Definition. A localization of a category $\cal C$ with respect to a class of morphisms $W$ is a category ${\cal C}[W^{-1}]$ together with a functor $q:{\cal C}\to {\cal C}[W^{-1}]$ such that

1. $q$ sends the morphisms of $W$ to isomorphisms;
2. for any functor $F:{\cal C}\to {\cal D}$ which sends the morphisms of $W$ to isomorphisms, there is a unique functor $G:{\cal C}[W^{-1}]\to {\cal D}$ such that $G\circ q=F$.

Note that I'm using the "strict" version of the definition, which characterizes the category ${\cal C}[W^{-1}]$, if it exists, up to a canonical isomorphism of categories (as opposed to a weaker version that only requires $G \circ q$ to be naturally isomorphic to $F$ and which only characterizes ${\cal C}[W^{-1}]$ up to equivalence).

The above very familiar definition can be rephrased as follows: condition (1) is equivalent to saying that for any category ${\cal D}$, the functor $-\circ q : {\cal D}^{{\cal C}[W^{-1}]} \to {\cal D}^{\cal C}$ factors through the full subcategory ${\cal D}^{({\cal C},W)}$ of ${\cal D}^{\cal C}$ consisting of those functors $F:{\cal C}\to {\cal D}$ which send the morphisms in $W$ to isomorphisms, and the universal property (2) states that the functor $-\circ q : {\cal D}^{{\cal C}[W^{-1}]} \to {\cal D}^{({\cal C},W)}$ is bijective on objects.

But what about natural transformations?
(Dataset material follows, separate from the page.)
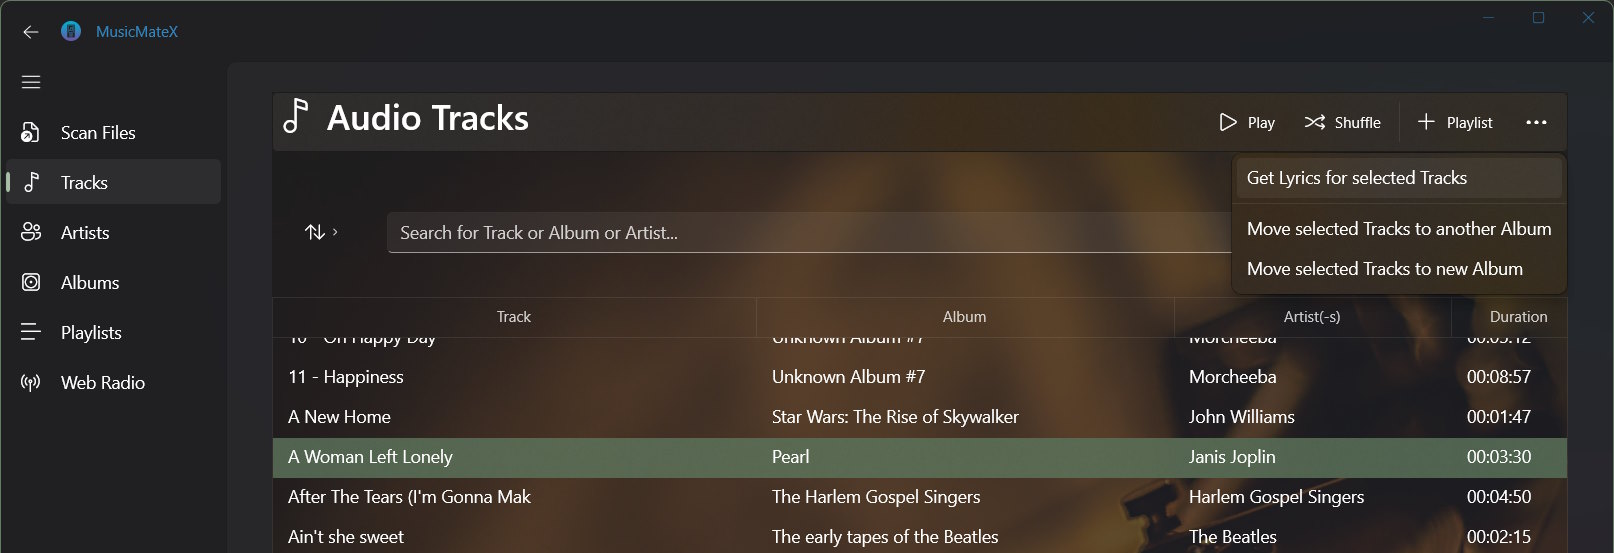 audio track page - get song lyrics command

It should follow from the above definition that localization is actually "2-categorical" in the sense that the functor $-\circ q : {\cal D}^{{\cal C}[W^{-1}]}\to {\cal D}^{\cal C}$ is fully faithful, so that $-\circ q : {\cal D}^{{\cal C}[W^{-1}]} \to {\cal D}^{({\cal C},W)}$ is an isomorphism of categories, not just a bijection between objects.
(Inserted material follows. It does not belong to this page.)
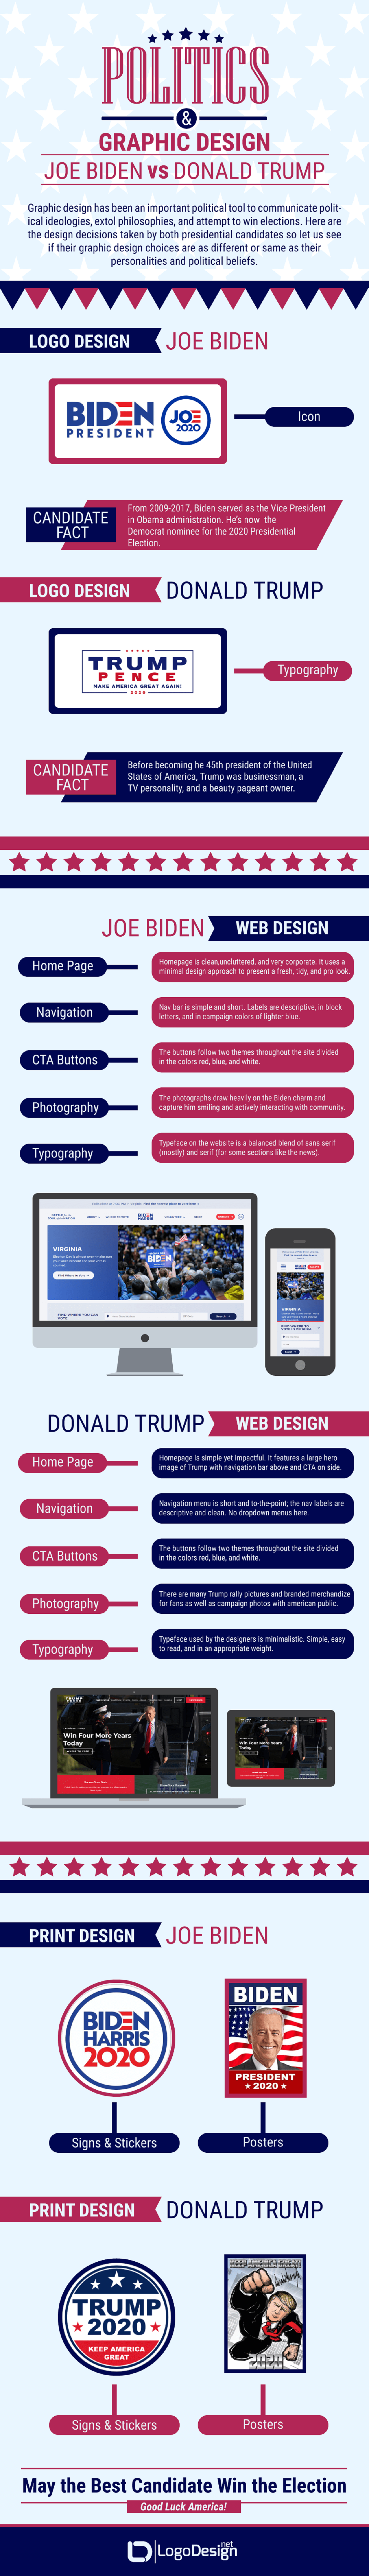 Politics & Graphic Design: What Do Biden and Trump Campaigns Tell Us #infographic

This would be immediate provided that $q$ is bijective on objects. It is probably obvious that the definition of localization forces this, but I can't see it. It is clear to me that a localization $q$ must be surjective on objects but I'm missing why it must be injective on objects. I'm sure there is a very simple reason, flying straight from the definition, that I'm missing.

Aside: one reason why someone might care about this detail comes from the theory of derivators. To show, for example, how derived categories give rise to derivators one needs to induce natural transformations between functors between derived categories.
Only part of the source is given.